Energies, 2020, vol. 13, issue 18, 1-19

Abstract: This article presents a methodology for optimizing the operation of parallel pumping stations in an open-channel water transfer system. A mathematical model was established for the minimum power with constraints on water level, flow rate and pump unit performance, and related factors. In the objective function, energy consumption of relevant equipment or facilities, such as main pump units, power transmission and transformation equipment, and auxiliary equipment, was considered comprehensively. The model was decomposed to two layers for solving. In the first layer, by using discharge distribution ratio as a variable, the flow rate and water level of the two water channels could be determined by employing the dichotomy approach (DA), and were calculated according to the principle of energy conservation, considering energy loss caused by hydraulic leakage and evaporation losses. In the second layer, the number of running pumps and the flow rate of a single pump were obtained by simulated annealing–particle swarm optimization (SA–PSO). The hybrid of the two algorithms is called the dichotomy approach–simulated annealing–particle swarm optimization (DA–SA–PSO). To verify the efficiency and validity of DA–SA–PSO, SA–PSO is also applied to determine discharge distribution ratio. The results indicate that the computation time using DA–SA–PSO is 1/30 of that using double-layer SA–PSO (dSA–PSO).
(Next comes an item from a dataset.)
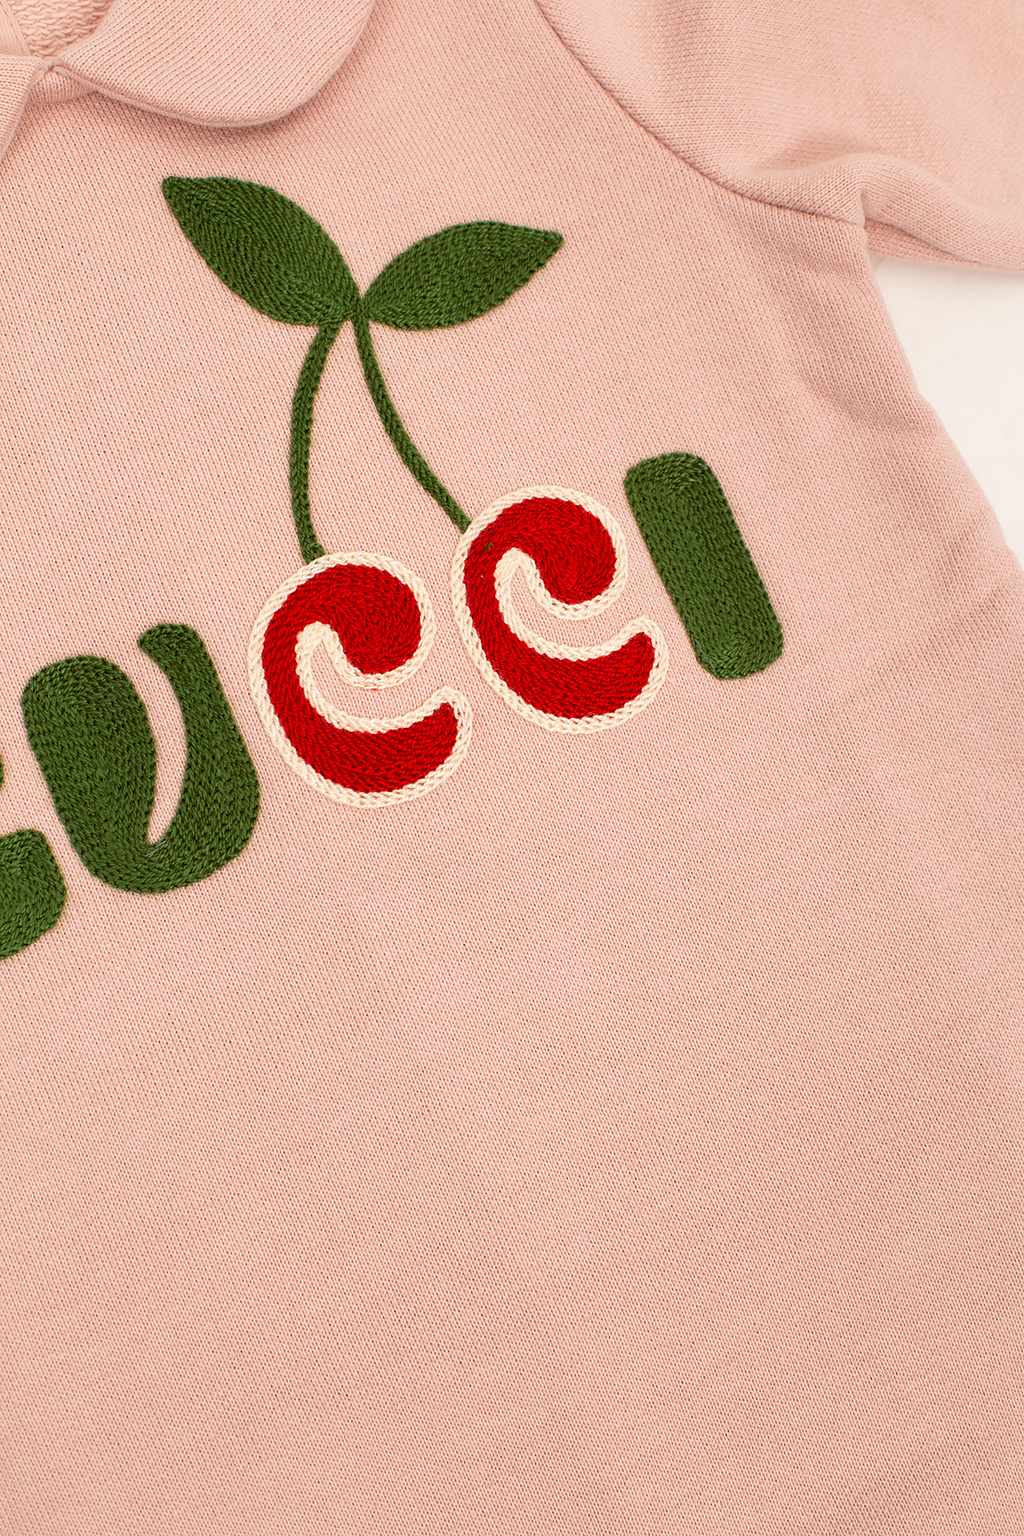 Gucci Kids Dress with logo, Kids's Baby (0-36 months)

Compared with the original plan, the optimal solution could result in power savings of 14–35%. Thus, the DA–SA–PSO is highly efficient for optimizing system operation in real time.

Keywords: parallel pumping stations; open-channel water transfer system; optimizing operation; discharge distribution; hybrid algorithm; energy savings (search for similar items in EconPapers)
JEL-codes: Q Q0 Q4 Q40 Q41 Q42 Q43 Q47 Q48 Q49 (search for similar items in EconPapers)
Date: 2020
References: View references in EconPapers View complete reference list from CitEc
Citations: View citations in EconPapers (3)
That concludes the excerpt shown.